In performance, however, things feel different. The Kirov is showing several different faces, and it demonstrates no interest in making them look part of a single artistic vision. The company’s fourth program, which ran from Friday evening to Sunday afternoon, was its sole truly mixed bill. It began with three pieces already seen in its Fokine program: “Chopiniana,” “Le Spectre de la Rose” and “The Dying Swan.” “Chopiniana” is the most uncomplicatedly beautiful event of the Kirov season so far, the one ballet in which the dancers seem to be truly dancing throughout, the one whose choreographic felicities still look fresh. And in “Le Spectre de la Rose” and “The Dying Swan” we at least see the main gist of Michel Fokine’s dramatic poetry.

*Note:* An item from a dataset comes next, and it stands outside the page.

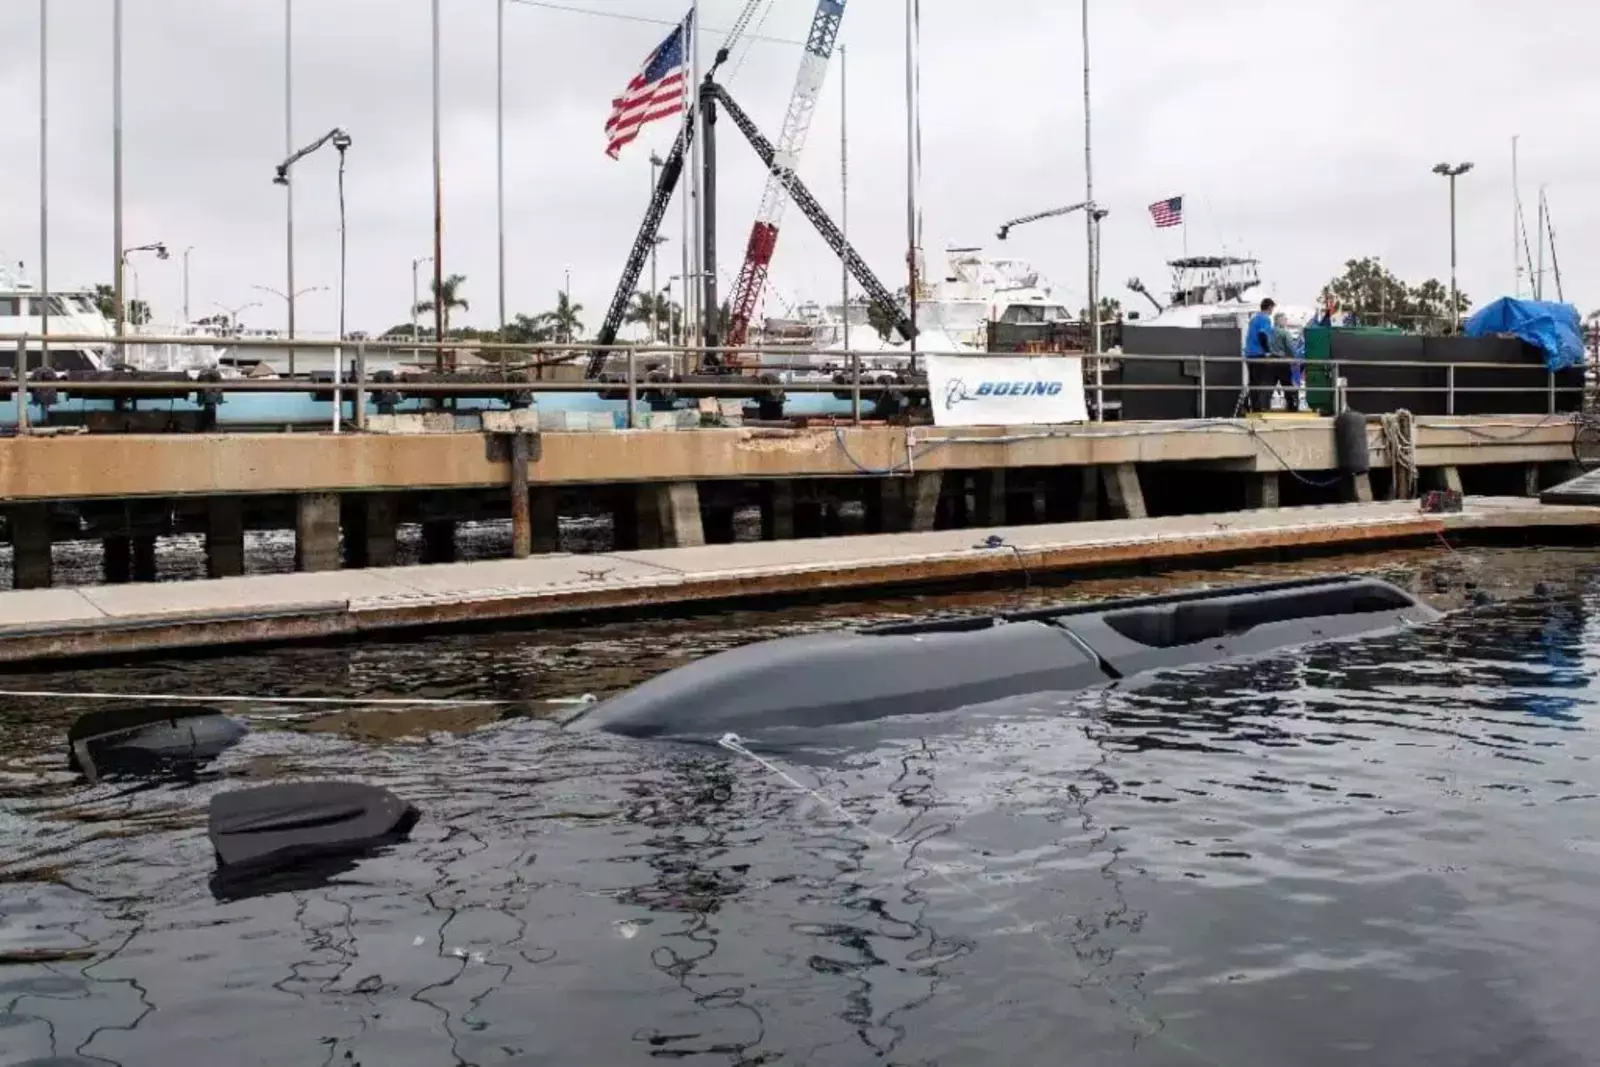 Orca XLUUV готовится к первому тесту в воде после церемонии крещения 28 апреля 2022 года в Хантингтон-Бич, штат Калифорния.

Whereas the all-Fokine program ended with the ludicrous melodrama that is “Scheherazade,” this fourth program closes with a ballet new to this season’s repertory, Harald Lander’s “Études,” which is ludicrous in quite another way. It proceeds from practice of the most basic classroom steps to full-costume demonstration of the most virtuoso steps without sustaining the least seriousness about ballet class work or choreography. I’m told that the original Danish “Études,” which was created in 1948 and which then included different costumes, had immense charm. Yet I assume that even then it was attached to Knudage Riisager’s tacky, trite and often thumping orchestral arrangement of Karl Czerny’s original piano studies. The overture alone makes the heart sink.
At any rate, “Études,” in the 30-odd years I’ve been watching performances by various international ballet companies, has been a paragon of inanity, piecing together dissimilar chunks of the ballet lexicon into one sensationalist collage after another. Is the silliest episode the one in which members of the corps de ballet, male and female, lie immobile, faces on the floor in apparent humiliation, while the three “star” dancers sail through virtuoso steps? Maybe. But what of the ultra-circusy sequence when the stage blacks out except for two narrow diagonal paths of light (an X) so that dancers can come hurtling along in run-run-jump!-run-run-jump! sequences? (Will one smash into another?)
The Kirov, which acquired “Études” in 2003, does it better than most. I wish these dancers were even half this fresh in their Petipa ballets. Olesia Novikova (in the ballerina role), with her unusually beautiful face, and Ekaterina Kondaurova (in the corps), with her extreme dignity, grandeur and bright copper hair, are among those who seem unfettered here, whereas the more serious beauties of their dancing in Petipa ballets arrive under a thick glaze that says, “We’ve been doing this for 10,000 years.”
On Saturday afternoon the prize for quantitative technique went, again, to Leonid Sarafanov, who bounced without pause through a series of eight double air turns. Do I dare admit with “Études” (as with “Scheherazade”) that if I have to watch it at all, I get more wicked pleasure from seeing terrible performances (sadly absent from this “Études”) than impressive ones?
The Kirov’s “Chopiniana” is different in several ways from the same ballet that is danced in the West as “Les Sylphides.” Not just the imitation-Corot backdrop and the “Polonaise Militaire” overture, choreographic features too. Yet even if non-Russian companies did every step and every gesture of the Kirov version, surely they would still have only fractions of the style. I actually prefer a few details of the old Royal Ballet version, at least, as ballerinas like Lynn Seymour used to perform them. (She brought to life the Romantic nostalgia that the critic Arnold Haskell had described in Russian performances of the 1920s and ’30s.) Yet I never miss them while watching the Kirov.
To observe the corps dancers send slow ripples, ideally supported from the torso, down their extended arms - now while on point with their backs to the audience in the opening dance, now while standing on the peripheries of the stage in the Mazurka and gesturing (as if to say of the leading dancer, “She went thataway!”) - is just the most basic of this Kirov production’s pleasures. And to follow the changing eloquence of the Valse pas de deux, as danced by Daria Vasnetsova and Danila Korsuntsev, is to be taken deep into a dream.